# Can you tell me what my vintage riding mower is?



## 85GYRO (Mar 12, 2012)

Picked this up last fall - just about done with the clean up -no marking on the motor, frame or body- only thing i know is its a briggs 16 hp twin and the steering wheel center said lowes. Tires all match & look to be dated from 1989. 
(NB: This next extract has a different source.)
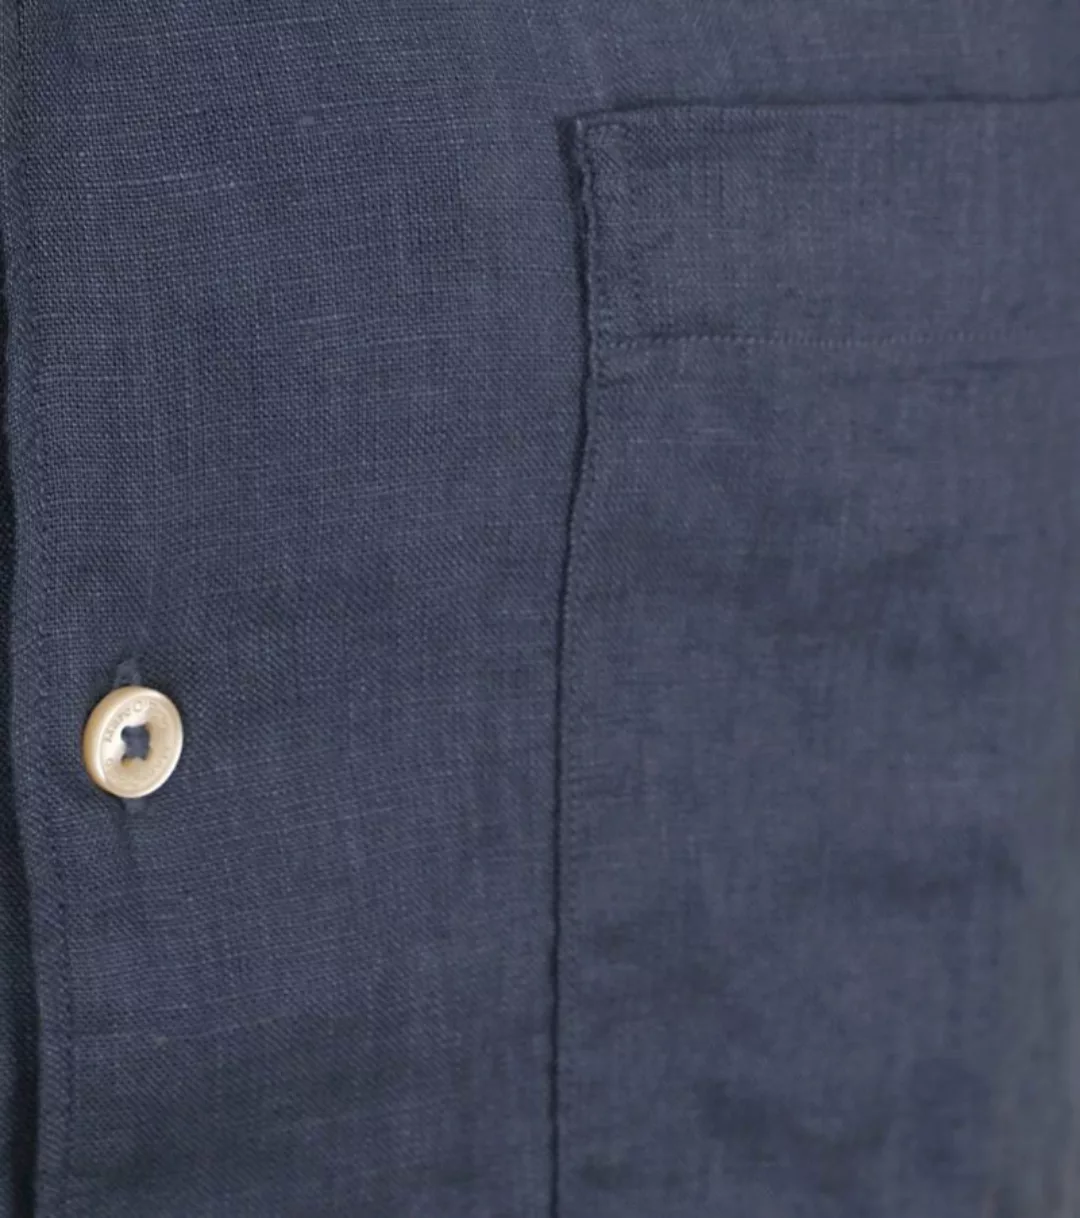 Marc O'Polo Hemd Short Sleeves Leinen Navy - Größe M günstig online kaufen

I am guessing an mtd or murray possible since it came from lowes. I do know the deck is a 42" and most likely not original 

So any clue on the make/model and year? 




























http://i1080.photobucket.com/albums/j326/85gyro/009-3.jpg[/IMG

[IMG]http://i1080.photobucket.com/albums/j326/85gyro/011-3.jpg


----------



## jhngardner367 (Apr 5, 2011)

Welcome to the forum! I checked the sites,and the closest was a 1989 Lowes series 136-658-062/95198.The site didn't go back any further,but the running gear looks the same.
Hope this helps.
You really did a great job,getting it cleaned up!


----------



## 85GYRO (Mar 12, 2012)

thanks for the info- cant get to many parts anymore for this one unless it has to do with the engine/trans. I need a correct fitting gas cap and nothing matches up -even tried the plastic gas can cap which was very close but no good. Took it for a ride yesterday to make sure it was running good after sitting and heat up the paint on the motor. Little scary stopping with no working brakes- it looks like its going in the local shop - i pulled the rr wheel off , pulled the bracket , pad looks great and the pins are moving free to push the pad up to disc . the hill assist lever holds the mower but the brakes are barley working . You can tell by the 1st photo how good the brakes are.


----------



## hauler (Sep 17, 2011)

wondered why the front end looked crashed up...i guess it was...i lost brakes on my old wheel horse once...i just shut it off and rode it out threw a field of real tall weeds..didnt go to far, then i drove it back to the garage real easy...anyway your mower lookin good now thanks for the pics


----------



## jhngardner367 (Apr 5, 2011)

There should be an adjustment on it.There are 2 ways to do it: (1) The nut at the pivot arm can be tightened 1 turn at a time,to take up slack in the pins.
(2) The rod that comes to the arm will probably be threaded,for adjusting the brake.
Most have both,but I would try the rod,first,so it activates the arm earlier.Usually,3-4 turns will do it.Remember shortening the rod=earier/lengthening=later.


----------



## 85GYRO (Mar 12, 2012)

Decided to replace the belts- i have a feeling their the originals. their are 3 belts total and i want to do all 3 while i have the deck off . the belt in the middle reads 1/2x62 and is a v belt- the others have the numbers worn off. I cut the belt and it measures 61" with a metal tapemeasure but reads 62 on the belt- i have no cloth measure tape- why is their a difference i thought it would strech over time. . 
With it being a vbelt can it be replaced with a standard riding mower belt thats an even with on both sides or will it wear faster on the edges? I flipped belt and it does fit ?


----------